Now that the provincial governments are legislating away the annual 'complete' history and physical examination under the pretense that it does more harm than good, you have to look after yourself a lot more than you used to. Although the cleverly crafted 'Choosing Wisely' program has made some valid points about over-investigation and excessive testing, it has been put together with the purpose of saving health care dollars. I have commented on this in the past and will do so again in the future. In the meantime, you are going to have to take responsibility for your own care in ways that you have not had to do in the past, if you were using the system well and wisely.
For the most part, with healthy patients, the annual examination was not annual, it was biennial, triennial or less frequently that that. People, with various health problems for which they needed information, re-assurance or treatment, often used the label so they would not feel silly 'for coming to the doctor for nothing'. Physicians and nurses of my generation, spent a significant amount of time in educating patients about when to have a health consultation even if one wasn't ill at the time. It was proudly and often pompously labelled and bragged about as the 'wellness model' by the administridiots who laboured mightily to establish themselves as innovators regarding something that had been going on in the medical and nursing professions for eons.

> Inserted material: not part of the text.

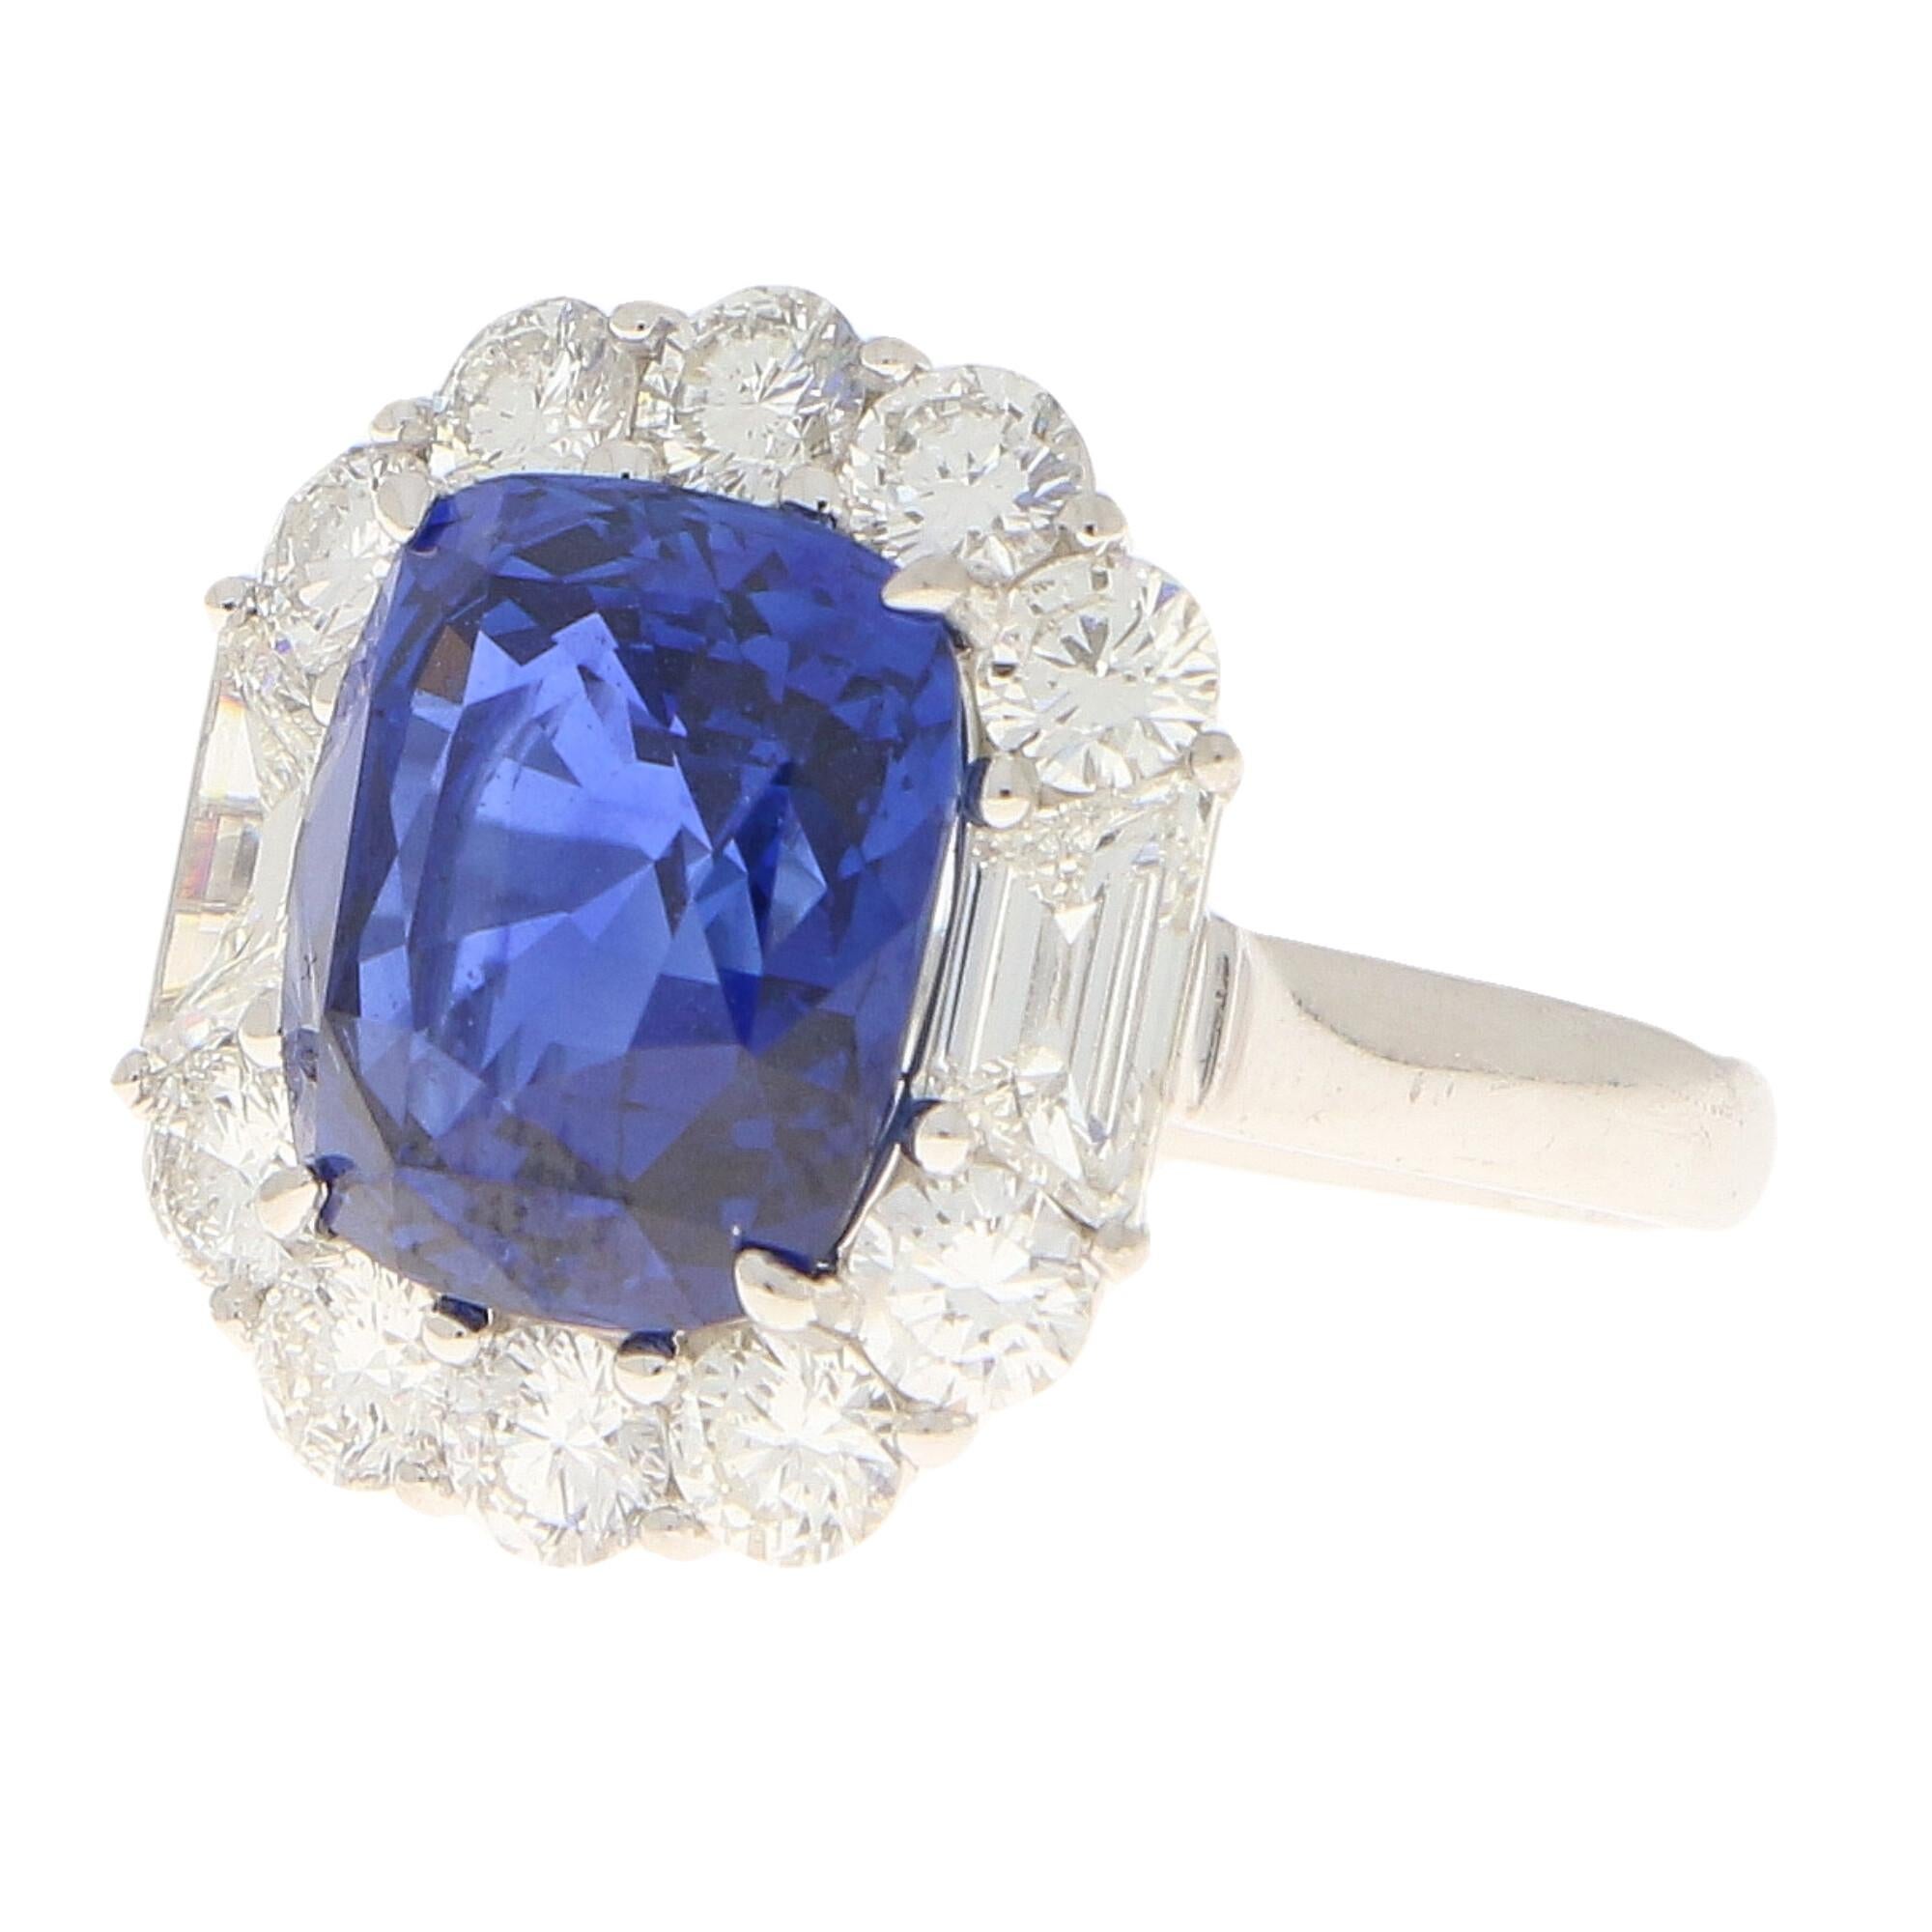 A truly stunning Art Deco inspired sapphire and diamond cluster ring set in platinum.

The piece is centrally set with an astounding 7.62 carat royal blue cushion cut sapphire which is securely four-claw set in platinum. The sapphire has a desirable

In any event, the annual exam was a time when many vital exchanges took place whether the patient was ill or not. It was a time when the doctor got to know the patient and the patient got to know the doctor. It was a time when patients had an opportunity to ask doctors many questions and not all of them of immediate relevance. It was a time when the doctor established a knowledge base that took into consideration medical history, family history, environmental and mental history and many other things that have a significant bearing on the patients personal and family issues. The administrators don't understand all this stuff: they are not physicians or nurses, most of them have a financial background and not a medical one, and even those who do are usually so removed from medical practice and professionalism that they might as well not have. They don't understand the conversation between physician and patient, that is a vital part of medical care and particularly the history and physical examination that is its foundation. They don't understand how much effort it can take to sort out, evaluate and adjust a patient's medications.They certainly aren't going to pay for it. So you better start preparing to do a lot of it yourself.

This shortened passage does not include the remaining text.